+466 Prove that the line segment joining the midpoints of two sides of a triangle is parallel to the third side of the triangle and one-half of the length of the base.
+5265 Yeah, the third side is the base and is half the length of it. Look at it here!
+5265 Isn't that the Midpoint segment thrm? Yeah, it is! So, the midsegment of a triangle is parallel and is half the length of the third side by the Triangle Midsegment Theorem.
+466 No, it isn't half the length of the third side, it's half the length of the base, and parallel to the third side. I don't know that theorem, that's why I need help. Thanks for trying, but whenever anyone other than CPhill helps me, it never works.
+5265 Yeah, the third side is the base and is half the length of it.

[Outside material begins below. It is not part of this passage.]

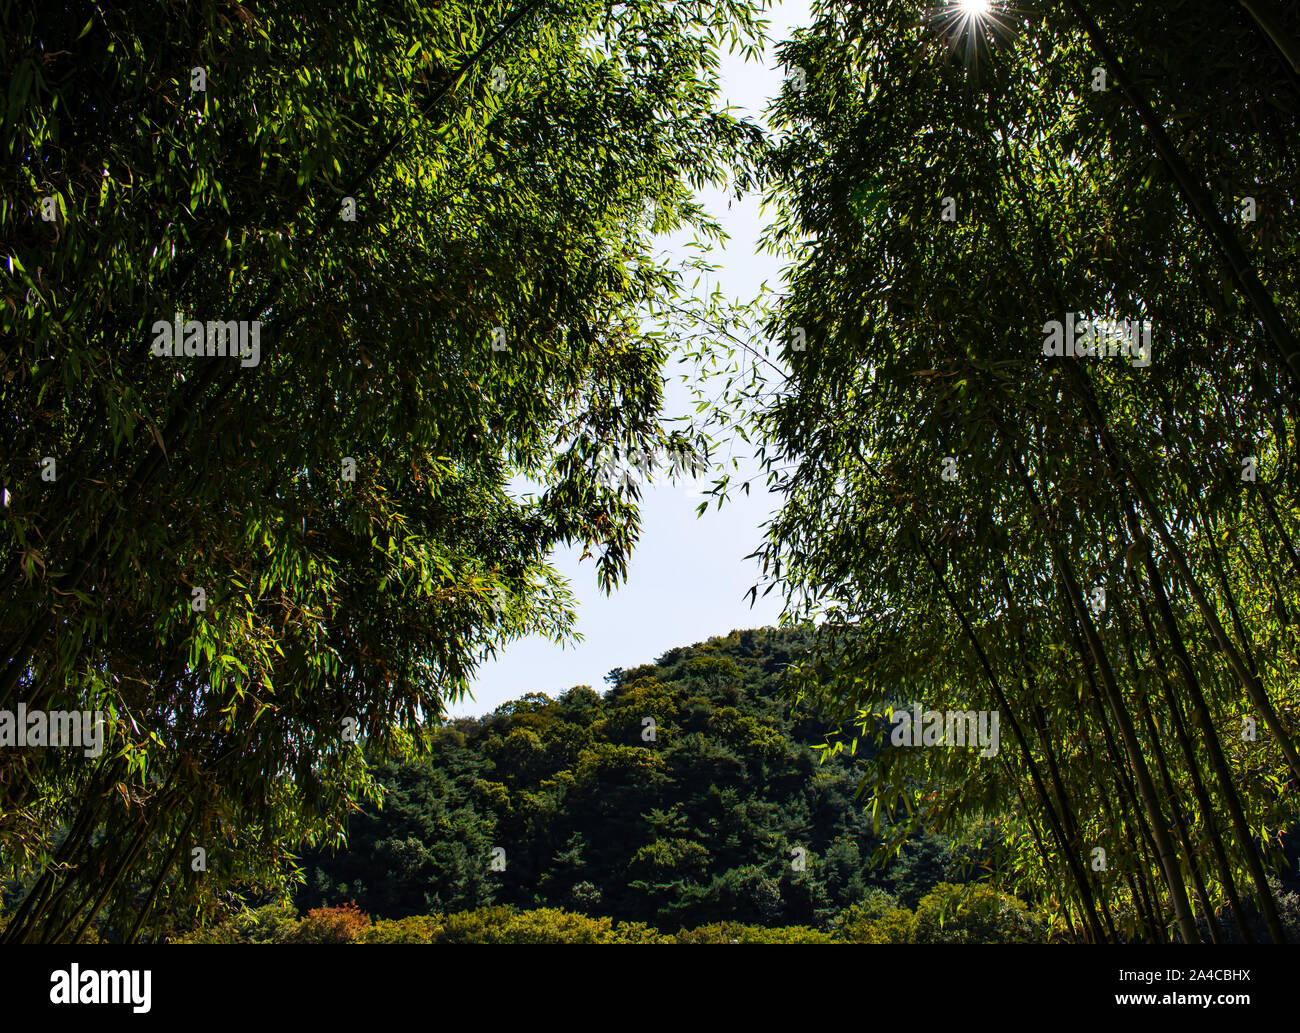 Serena splendide foreste di bambù. Fate una passeggiata attraverso questo tranquillo e magnifico spazio verde, come le torri di bambù sopra di voi. Foto Stock

Look at it here!
+129852 Shades....most of this is straight out of Euclid's Elements......Book VI....Proposition 2
Here it is: http://aleph0.clarku.edu/~djoyce/java/elements/bookVI/propVI2.html
I won't repeat it verbatim, because I can't do a better job than Eulclid....LOL!!!!
You need to use the second part under the long dashed line that begins with...
"Next, let the sides AB and AC of the triangle ABC be cut proportionally, so that BD is to AD as CE is to AE. Join DE."
At the end of the proof....it is shown that the lines are parallel.....now....all we need to add is this :
m<ADE = m<ABC the corresponding angles formed by a transversal [in this case, the transversal AB] cutting two parallel lines are congruent
Thus, by AA congruency.....triangle ADE ≈ triangle ABC
And.....similar triangles are similar in all respects......thus AD is half of AB....therefore....DE is half of BC [ thus....the line segment joining the sides = 1/2 of the base]
Let me know if you get stuck......I'll see if I can help you out....!!!!
;)))))))))))))